Von den nachbenannten Reparaturen hat der Prüfling drei vom Prüfungsausschuß zu wählende Arbeiten zu liefern:

  1. Anlöten von Backen, Scharnieren, Nasenstegen an Fassungen in edlen und unedlen Metallen.
  2. Schildpattstege aufsetzen an Kneifern und Brillen.
  3. Augenlidhalter ansetzen.
  4. Einsetzen von Gläsern in Schildpatt, Horn, Kautschuk oder Zelloloid-Fassungen.
  5. Kitten von Bifokalgläsern.
  6. Gewindeschneiden und Auswählen passender Schrauben.

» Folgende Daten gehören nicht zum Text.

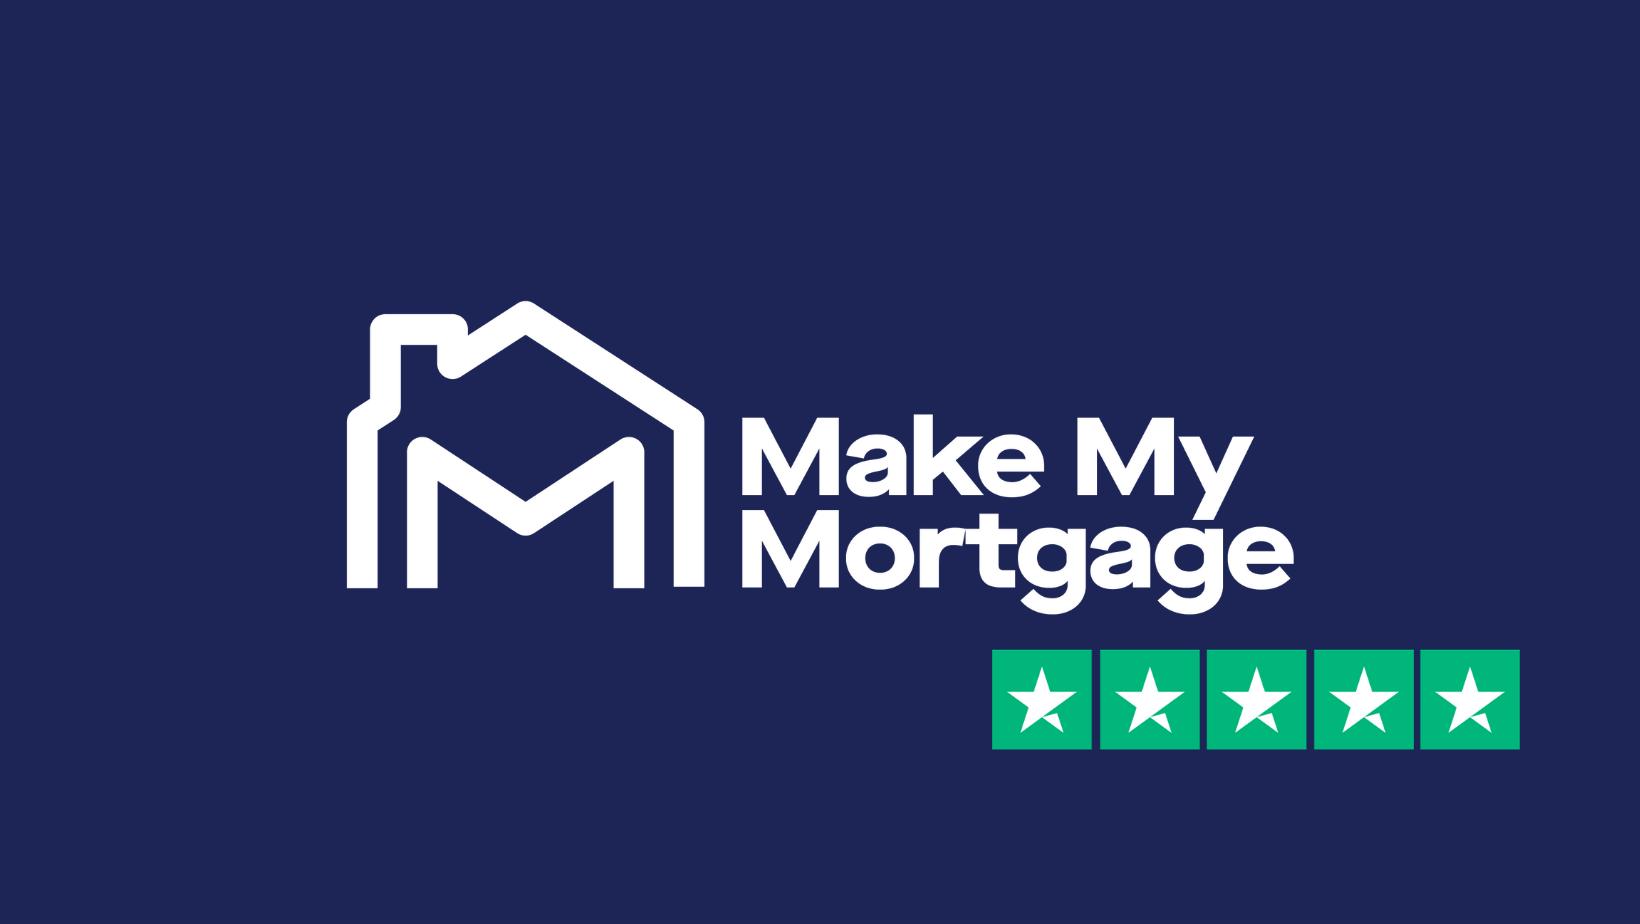 Meet BLOWN business Make My Mortgage

B e h a n d l u n g    u n d    R e p a r a t u r    v o n   G e g e n s t ä n d e n,    w e l c h e    i n    o p t i s c h e n
G e s c h ä f t e n    g e f ü h r t    w e r d e n :

  1. Operngläser individuell durch Vorsetzen von Gläsern den Augen anpassen.
  2. Achromatische Linsen kitten.
  3. Justieren von binokularen Perspektiven galliläischer Konstruktion.
  4. Einstellen und Reinigen von Mikroskopen bis zu 300maliger linearer Vergrößerung.
  5. Einstellen und Reinigen von Fernrohren.
  6. Reißfedern und Zirkel anschleifen und justieren.
  7. Thermometerröhren aufbinden.
  8. Quecksilberthermometer reparieren.

T h e o r e t i s c h e    K e n n t n i s s e

  1. Lehre vom anatomischen Bau des Auges und den Anomalien, soweit sie für den Optiker in Betracht kommen.
  2. Die Wirkung der optischen Linsen und Spiegel.
  3. Die Bedeutung dieser Wirkung der Linsen zur Korrektion des fehlerhaften Auges.
  4. Die Lehre von den verschiedenen Gestellen der Brillen, Kneifer und Lorgnetten.
  5. Kenntnis der wichtigsten physikalischen Gesetze, insbesondere soweit sie für den Optiker eine praktische Bedeutung haben, als:
    Die Lehre vom Licht,
    Die Lehre von der Wärme,
    Meteorologie.
  6. Die Funktionsweise der von den Optikern geführten Waren.
  7. Eine kurze Geschichte, resp. der Entwicklungsgang der wichtigsten optischen Instrumente.
  8. Materialkunde, Eigenschaften, Verwendung, Wert, etc.

B. FAKULTATIV

B e h a n d l u n g    u n d    R e p a r a t u r v o n :

  1. Instrumenten zur Augenuntersuchung.
  2. photographischen Apparaten und den dazugehörigen Artikeln.
  3. elektrischen Apparaten (Schwachstrom).
  4. mechanischen Lehrmitteln.
  5. Projektionsapparaten.
  6. Theodoliten.
  7. Nivellierinstrumenten.
  8. Sextantanten.
  9. Winkelspiegeln.
  10. Wasserwaagen einsetzen und justieren.
  11. Bandmaße reparieren.

T h e o r e t i s c h e    K e n n t n i s s e

Einige kaufmännische Kenntnisse über den Einkauf von Waren, Korrespondenz, Buchführung etc.